Still and all, the whole self-image/self-esteem concern is blown way out of proportion in terms of long-term outcomes. Baumgarten has shown quite strongly that self-esteem under the age of 13 has no predictive value on how kids turn out in their mid-20s. There are minimal correlations for teen's self-esteem and young adult outcomes. So all this worry about how children feel—and of course we'd prefer as parents that our kids feel good—if it leads to weird and untoward outcomes (like wimps or increased diagnoses of ADD/ADHD), should be challenged.

So now we're getting all these books. Ironically, the only thing that hasn't changed is parents' readiness to forego their own common sense and the wisdom of grandparents (yeah, our parents in the '50s and '60s didn't seem to do all that bad, after all) and continue to turn to experts who are now reversing 180 degrees their advice from 25 years ago.

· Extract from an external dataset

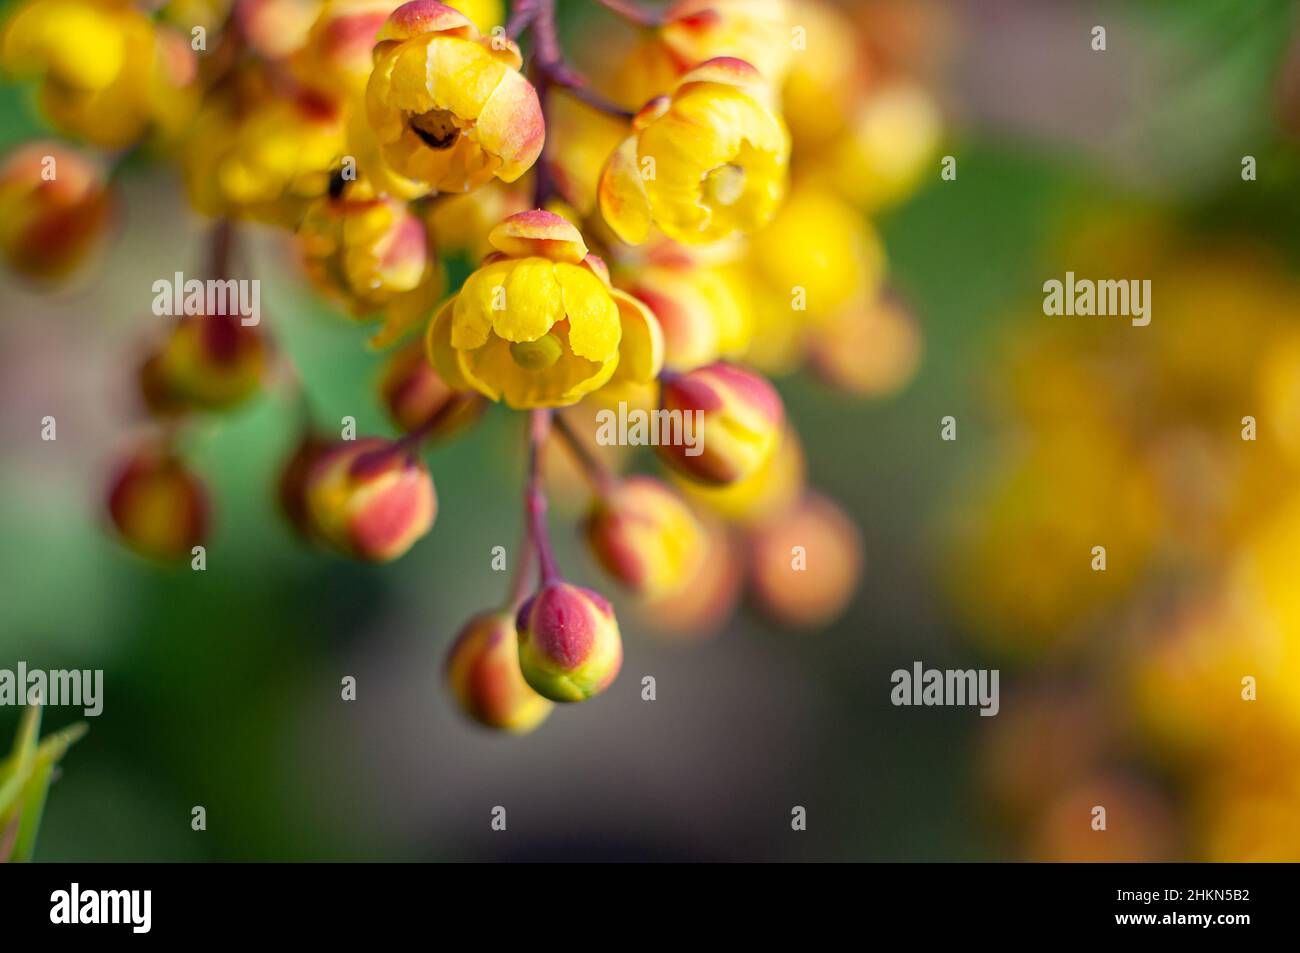 Sonnige gelbe Berberblüten, Makrofotografie eines blühenden Gartenstrauch. Der Frühling kommt, warme Stimmung. Selektiver Fokus und unscharfer Hintergrund. Stockfoto

And you know, it really all doesn't matter in the end. Judith Rich Harris was pilloried 10 years ago with her book, The Nurture Assumption, because she was interpreted by critics as saying it's all genetic, and parenting doesn't matter. Well, if you look at identical twins reared apart by different families, you're impressed with how similar they are by the time they reach 30. But Harris never said parenting doesn't matter.

If you married your spouse with the idea that you could fundamentally change his/her personality and behavior, most of us would consider that naive. However, how you act with your spouse on a day-to-day basis could make a big difference in the quality of that ongoing relationship. Harris uses that example to try to get parents to chill some in their worry and interventions over their kids.

Hey, it'll mostly all work out—even those kids who've been babied and pampered and worried over by those helicopter parents. It'll all work out. Mr. Rodgers wasn't wrong. He doesn't matter.